(Beginning of AVAILABLE DATA)
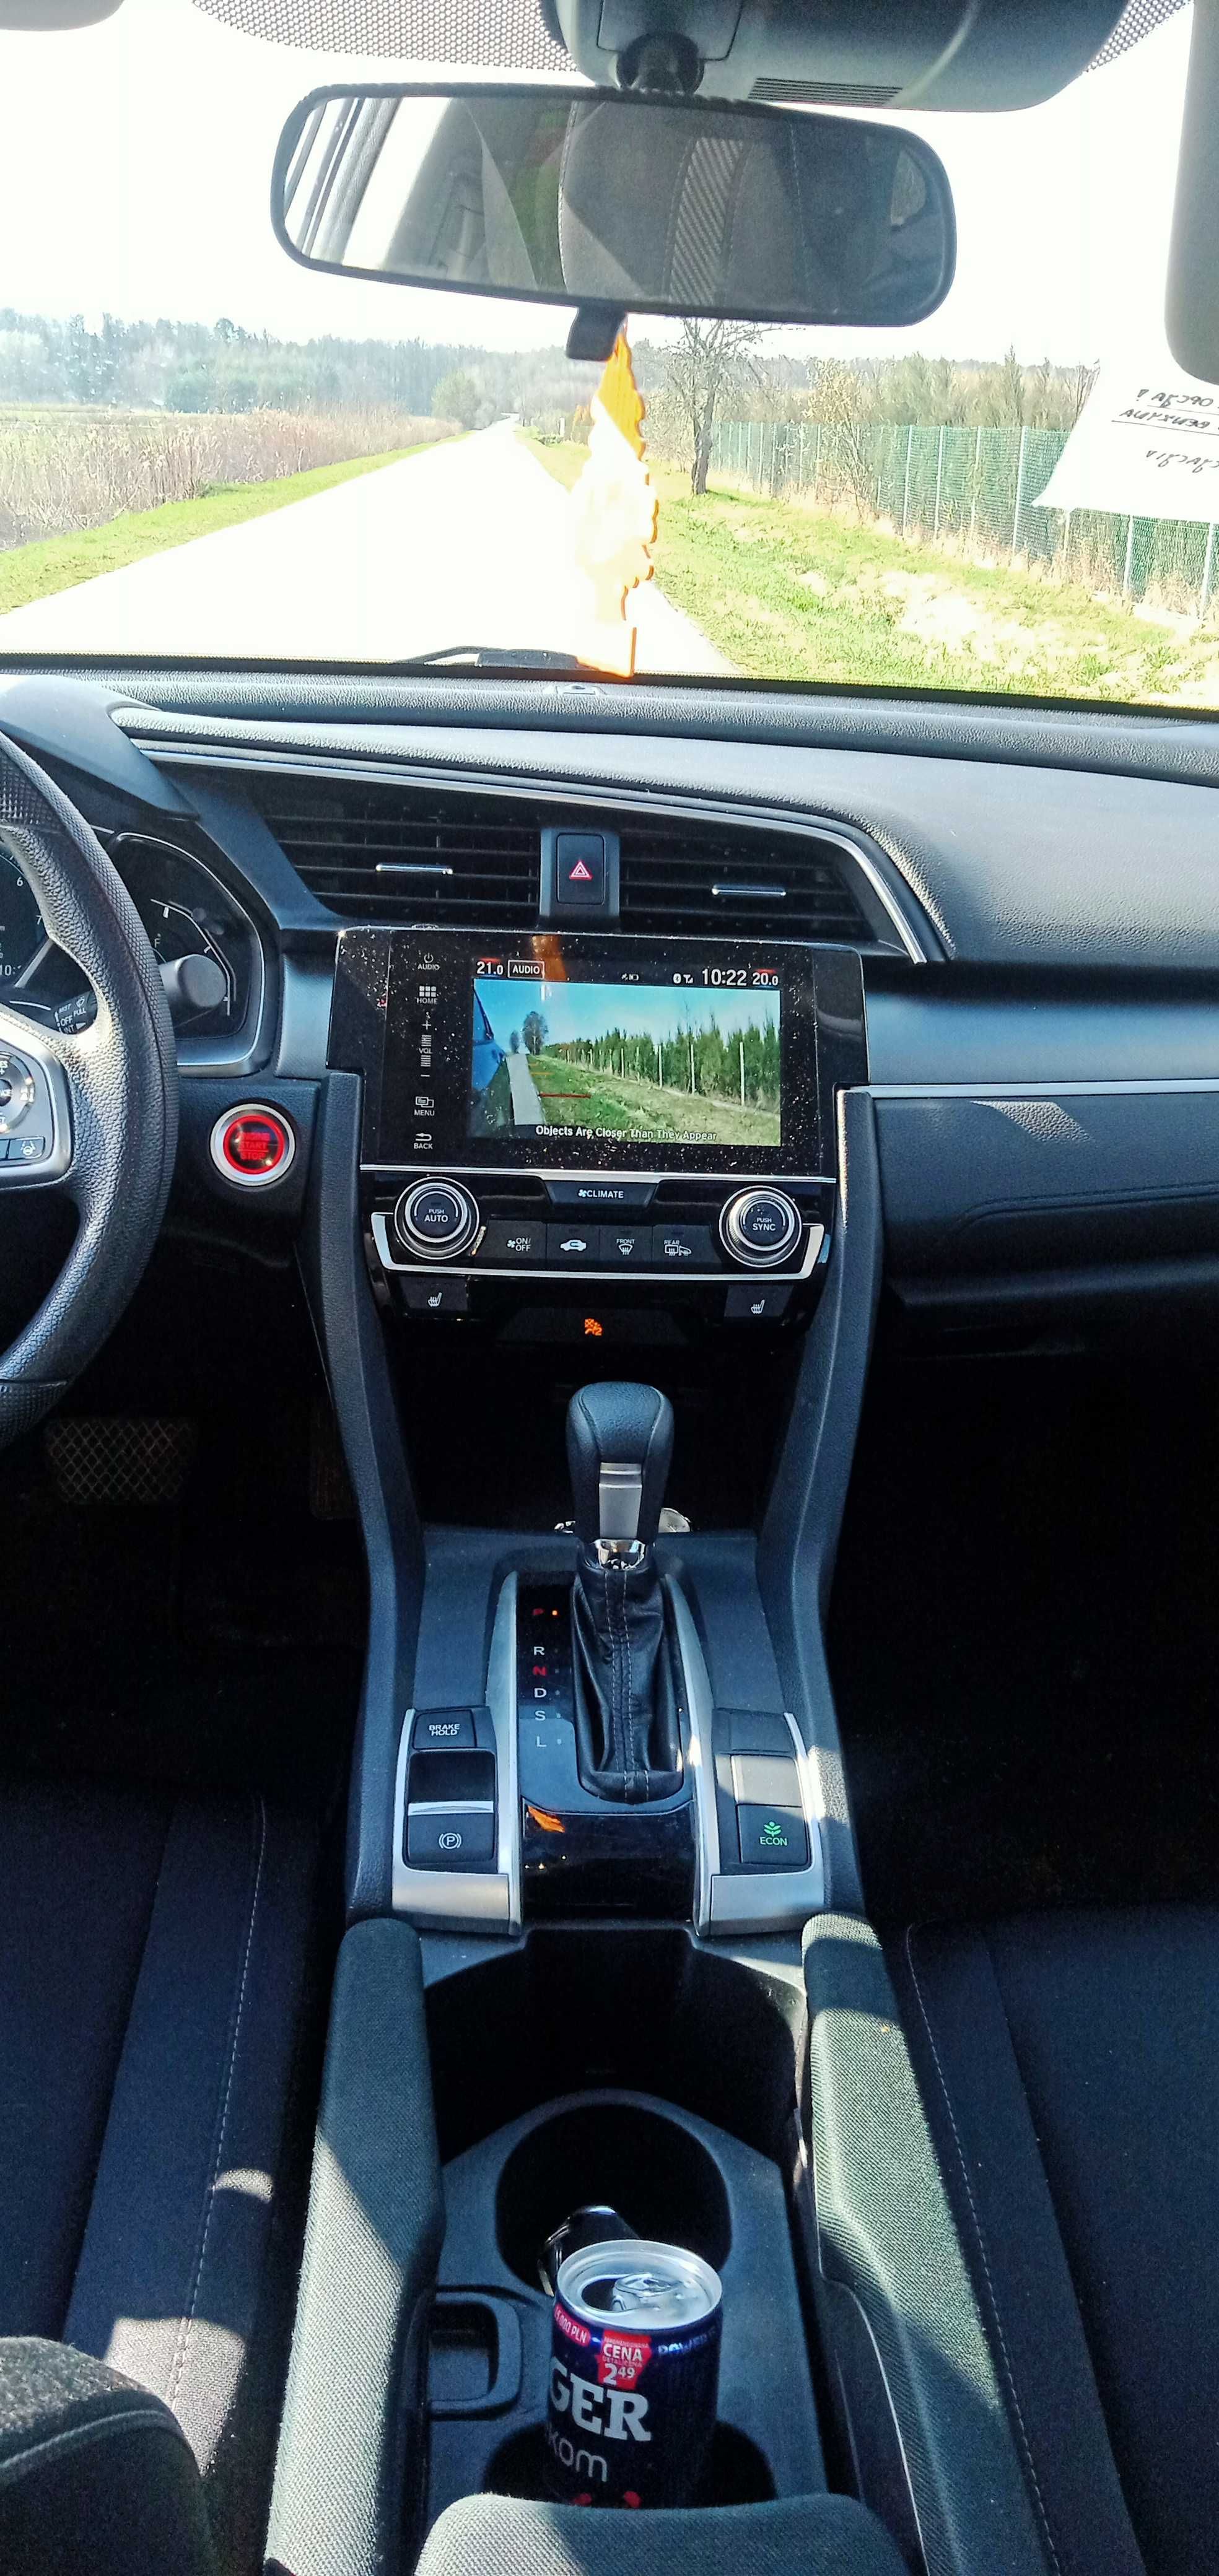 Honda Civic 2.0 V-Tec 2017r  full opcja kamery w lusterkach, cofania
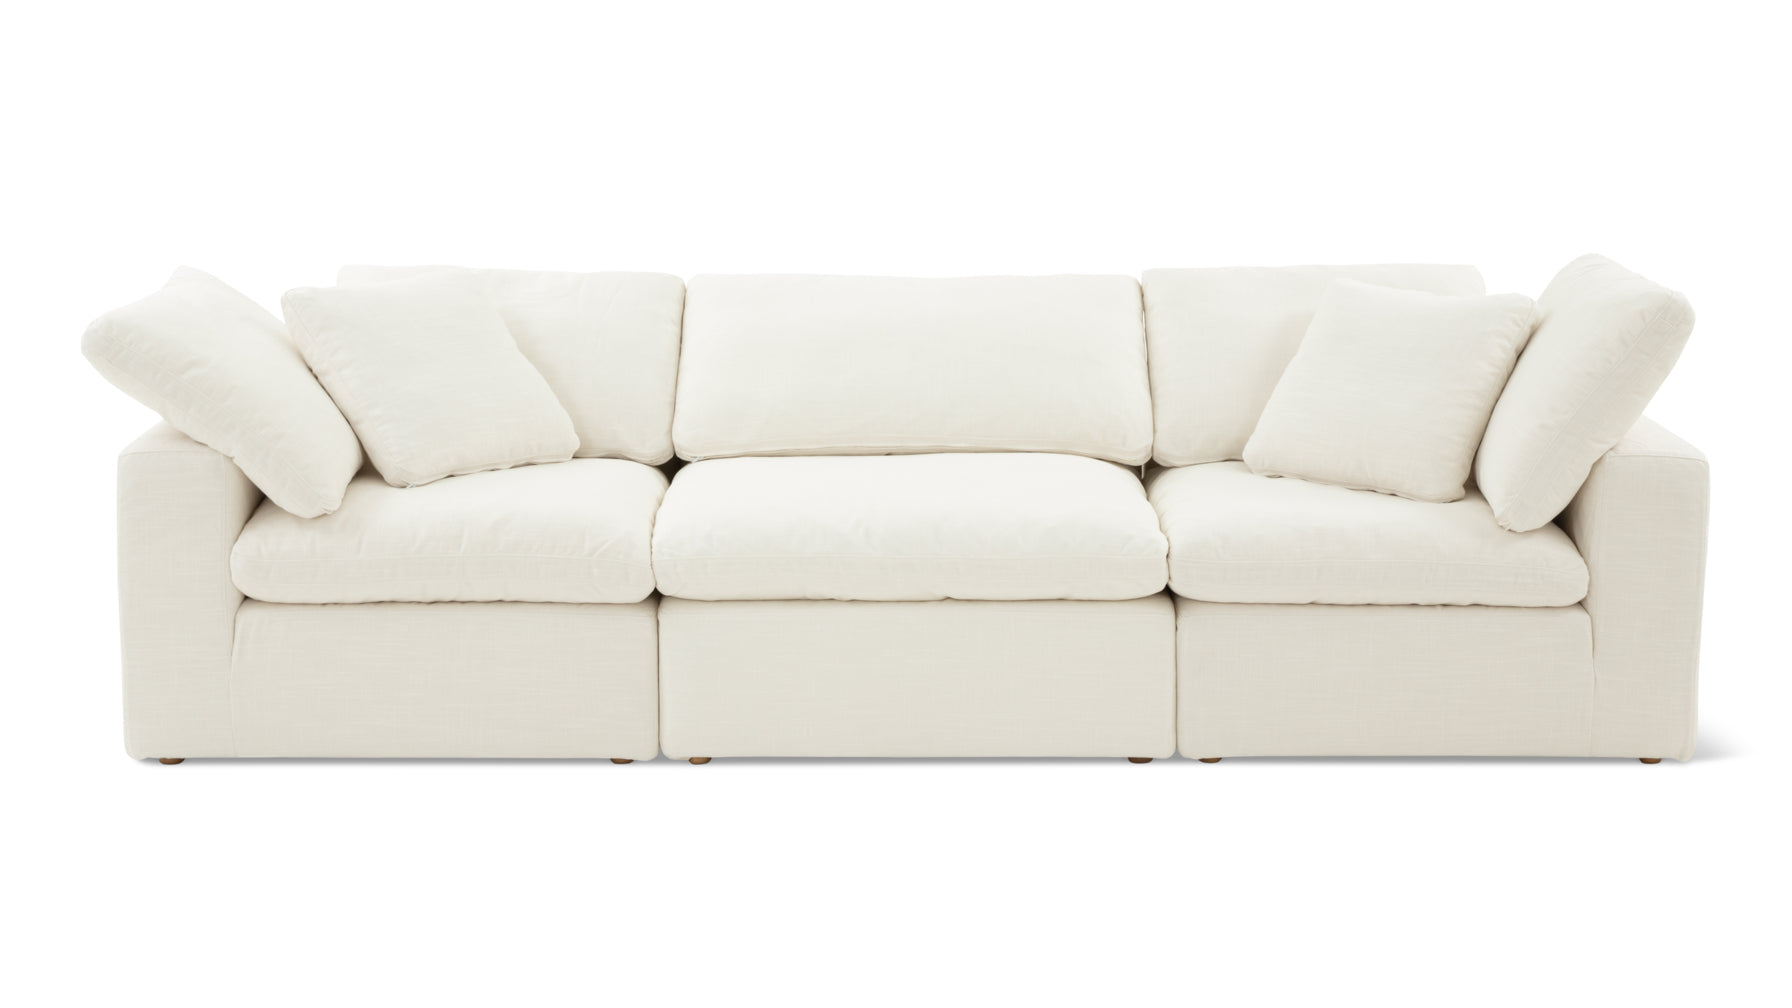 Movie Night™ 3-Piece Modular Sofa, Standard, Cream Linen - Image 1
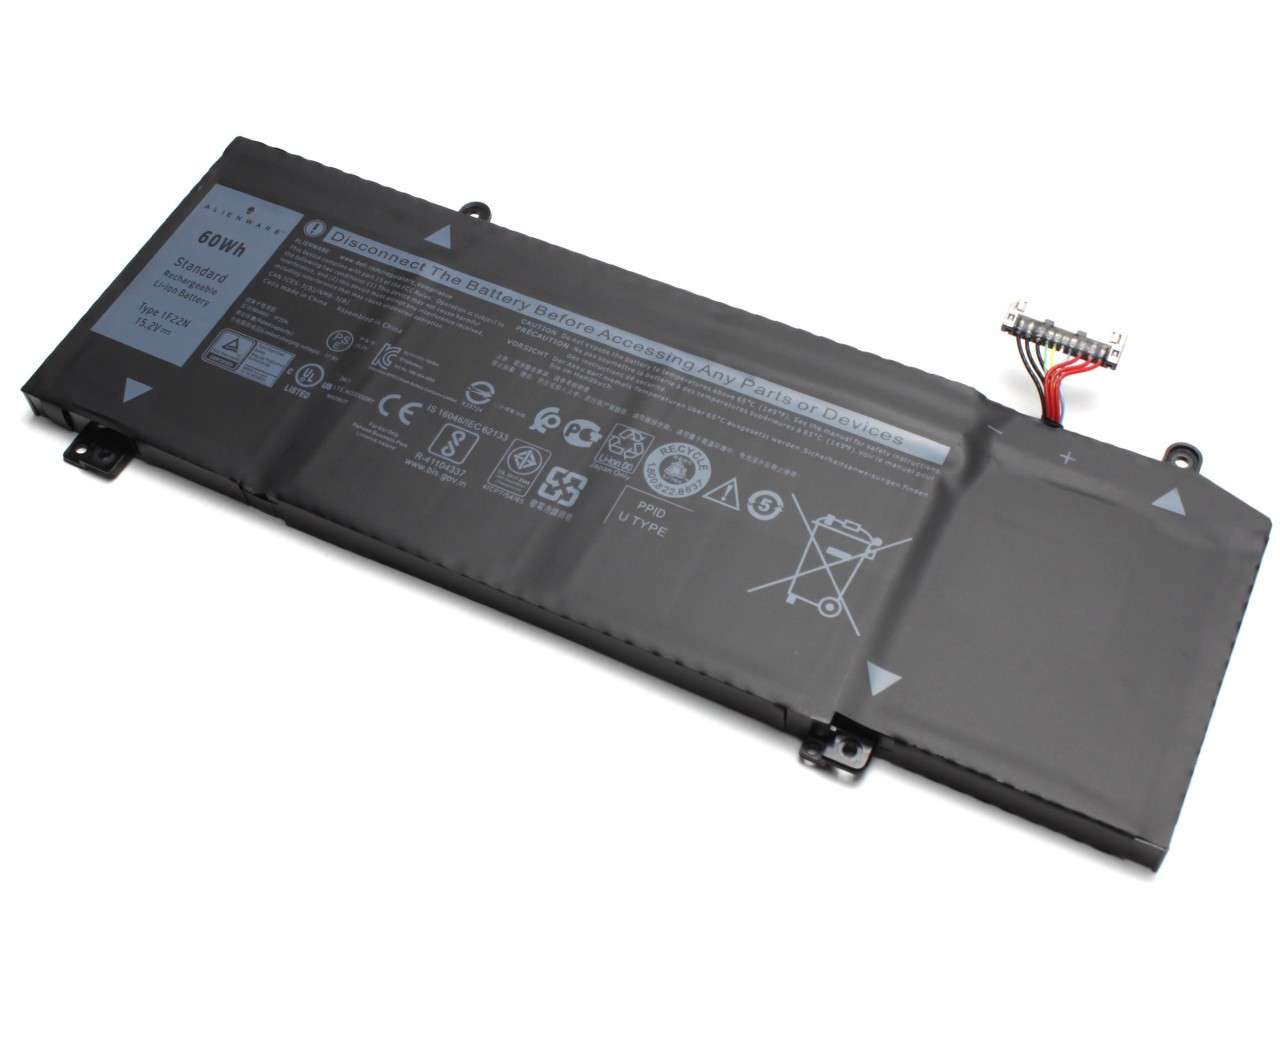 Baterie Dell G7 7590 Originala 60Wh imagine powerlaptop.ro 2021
(End of AVAILABLE DATA)
- ASSIGNED TASK
The whole listing is to be duplicated verbatim, apart from its images.

- TASK RESULT
 Honda Civic 2.0 V-Tec 2017r  full opcja kamery w lusterkach, cofania
 Movie Night™ 3-Piece Modular Sofa, Standard, Cream Linen - Image 1
 Baterie Dell G7 7590 Originala 60Wh imagine powerlaptop.ro 2021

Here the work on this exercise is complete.